O caso gaúcho, especificamente, tem origem em um mau planejamento. O professor explica que o Estado foi vanguardista na concessão de direitos sociais, criando uma administração pública mais robusta para a prestação de serviços. “Não se tem indicadores de saúde superiores aos outros estados sem servidores atuando na área da saúde, sem ter uma estrutura da saúde à disposição. Não se tem uma educação e um ensino público de melhor qualidade sem ter, também, uma estrutura e servidores para isso”, exemplifica. O problema, contudo, foi a falta de planejamento para o que viria depois, o envelhecimento da população e, consequentemente, desses servidores, que incharam a previdência.

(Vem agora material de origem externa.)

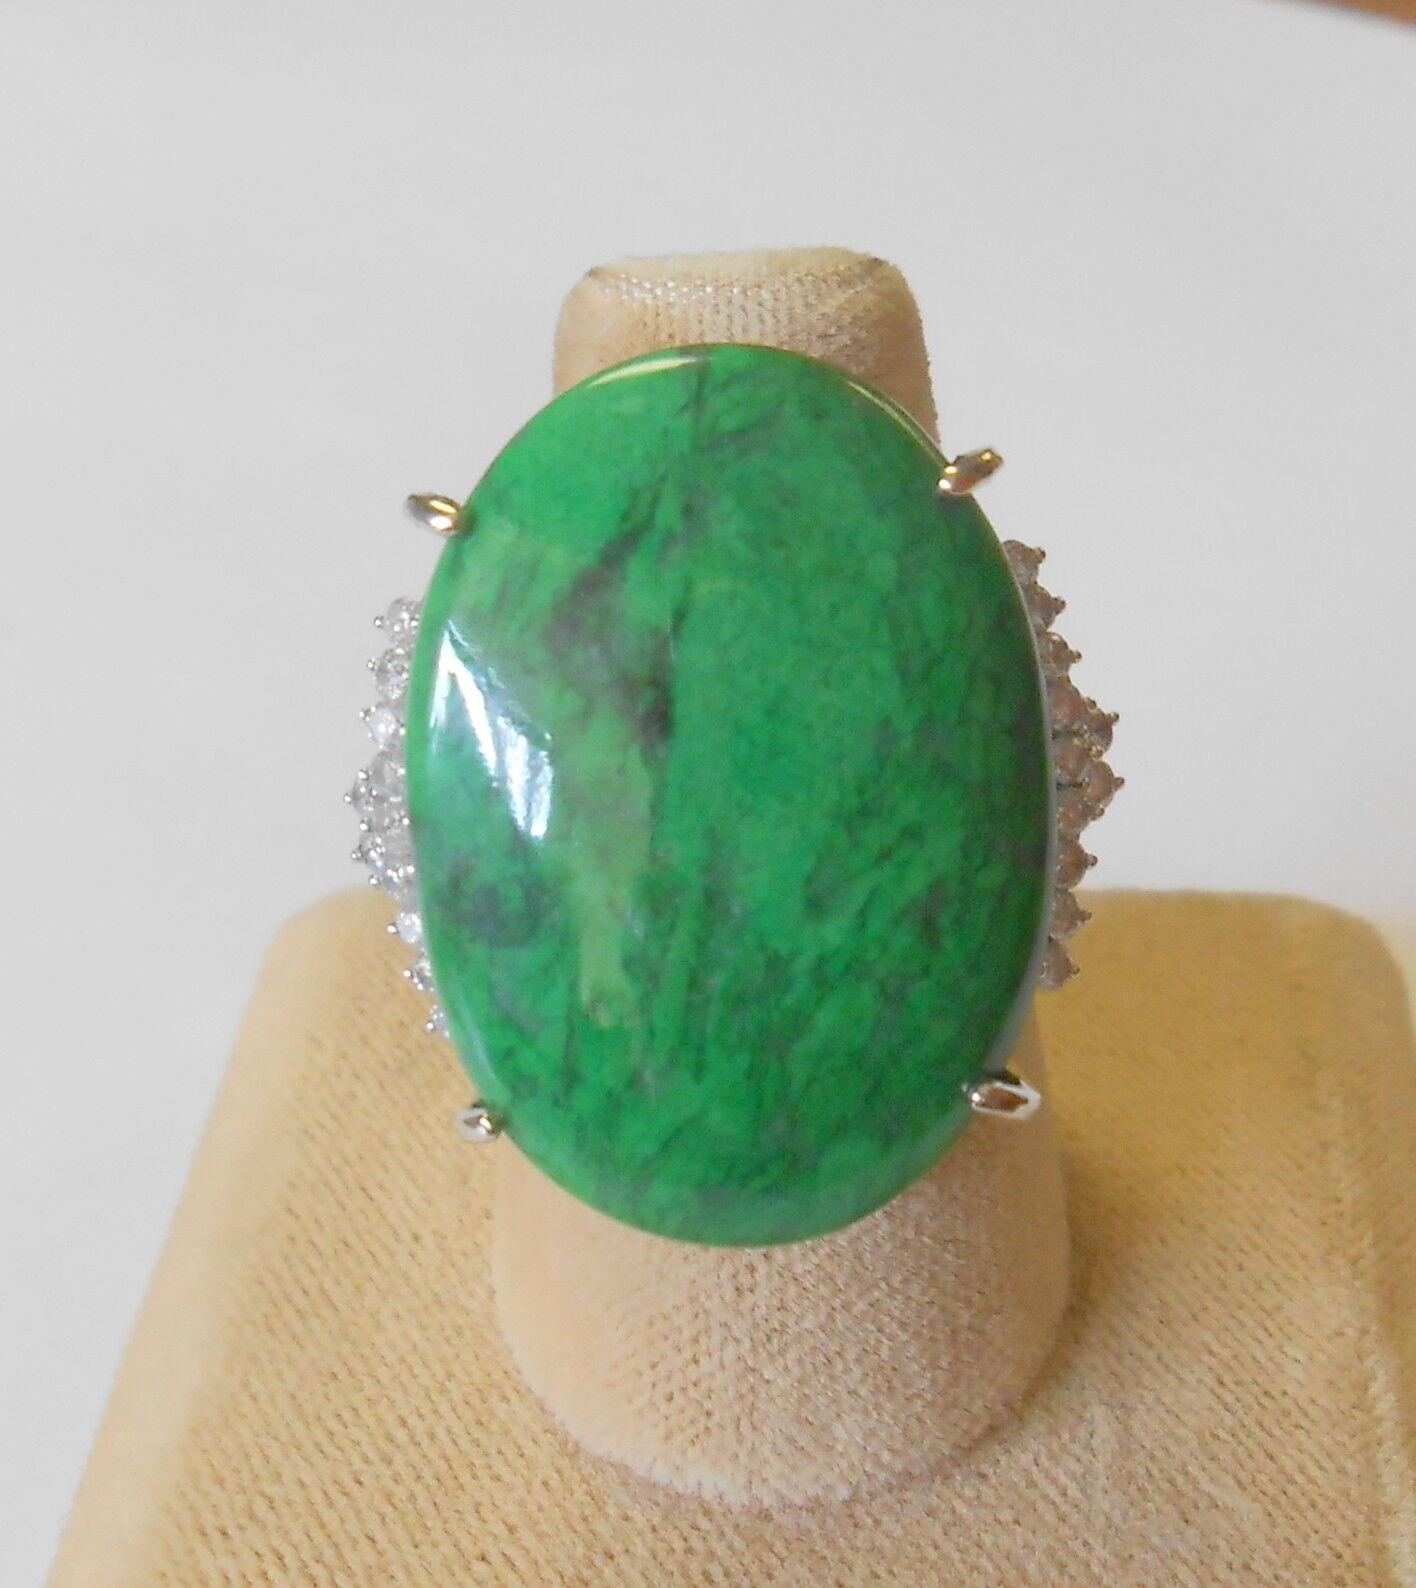 Exceptional 14K White gold Filigree 22 Diamonds Green Apple Sitt Jade Ring 6.75
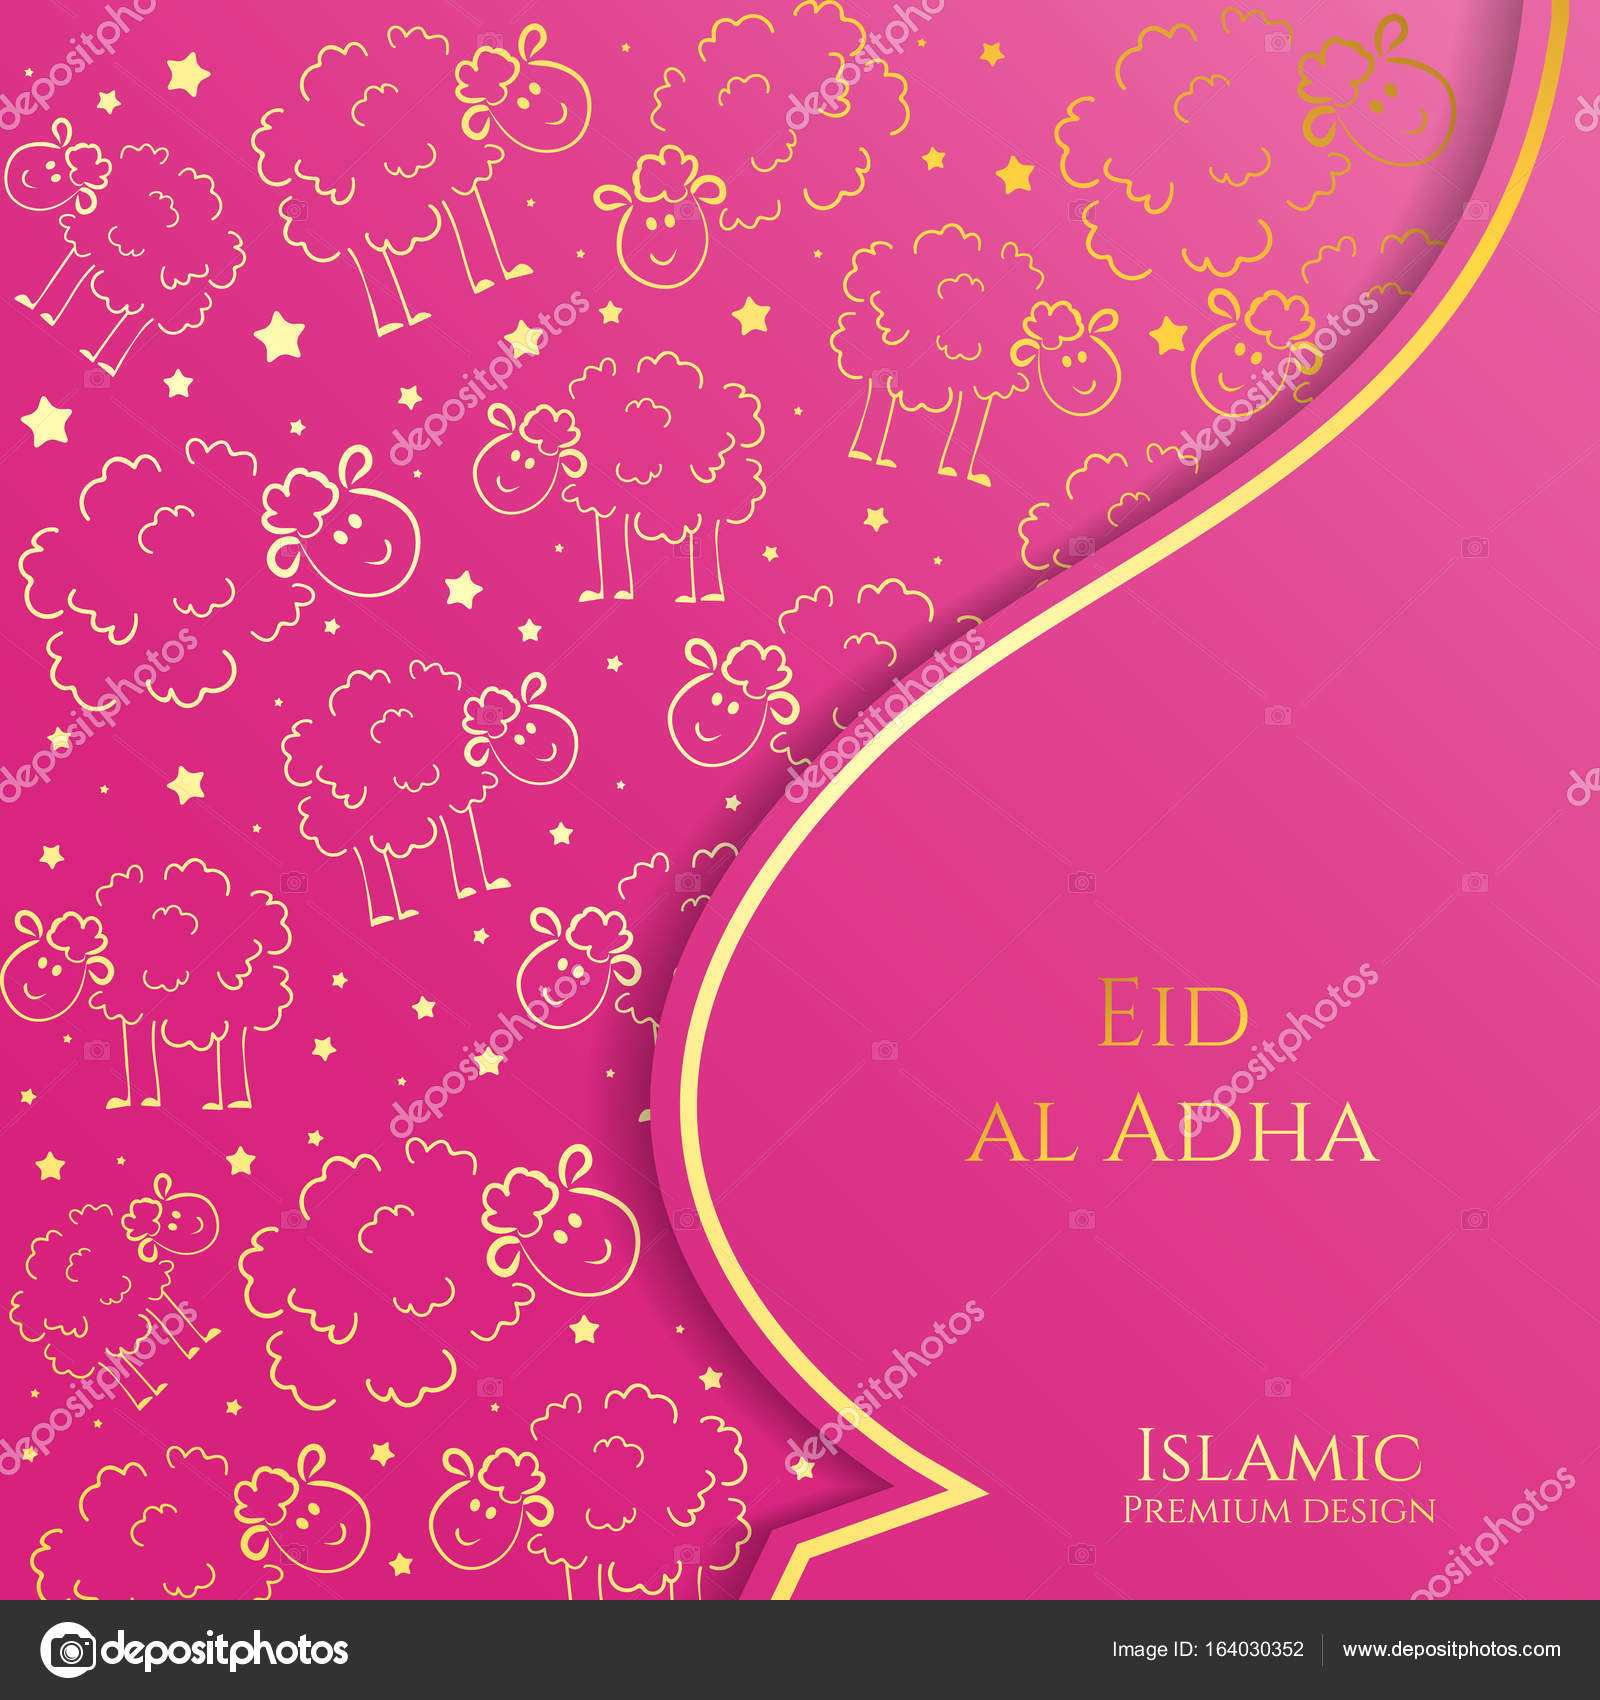 1439 hijri islamic new year happy muharram muslim community 1439 hijri islamic new year happy muharram muslim community festival eid al ul adha mubarak greeting card with 3d paper flower star moon kristyandbryce Images

“Quando a crise fiscal chegou, chegamos a um dilema. E a culpa é dos servidores? Claro que não. Mas teremos um conjunto importante desses precatórios que são em decorrência de ações de servidores públicos visando pagamentos, diferenças de pagamentos por benefícios que o Estado não estava conseguindo honrar. Aí temos uma parte da explicação desse crescimento dos precatórios”, conta Aragon Dasso.
A outra metade desse problema caminha em conjunto com o crescimento do Estado. Mas, nesse caso em específico, das cidades.
Com o desenvolvimento dos municípios, uma série de obras, como a de ampliação de avenidas, por exemplo, começou a ser feita. Para tal, a população que vivia ao redor precisou ser removida para permitir essa expansão e, consequentemente, indenizada. Boa parte o foi, a outra resultou em brigas judiciais. E, assim, mais precatórios.
“Esse cálculo atuarial, pensando no Estado a longo prazo, tanto no caso das ações a longo prazo, quanto nas ações de desapropriação, com certeza foi mal feito ou não realizado. Ou seja: faltaram ações a longo prazo e isso só quem faz é um estadista. Um gestor que pensa além do seu mandato”, conclui o professor.
Assim, o resultado de um mau planejamento e da ausência de um pensamento para além de mandatos foi um crescimento acelerado de precatórios em um Estado com as contas públicas estranguladas. Por isso, como Aragon já definiu: a origem dos precatórios é uma escolha política.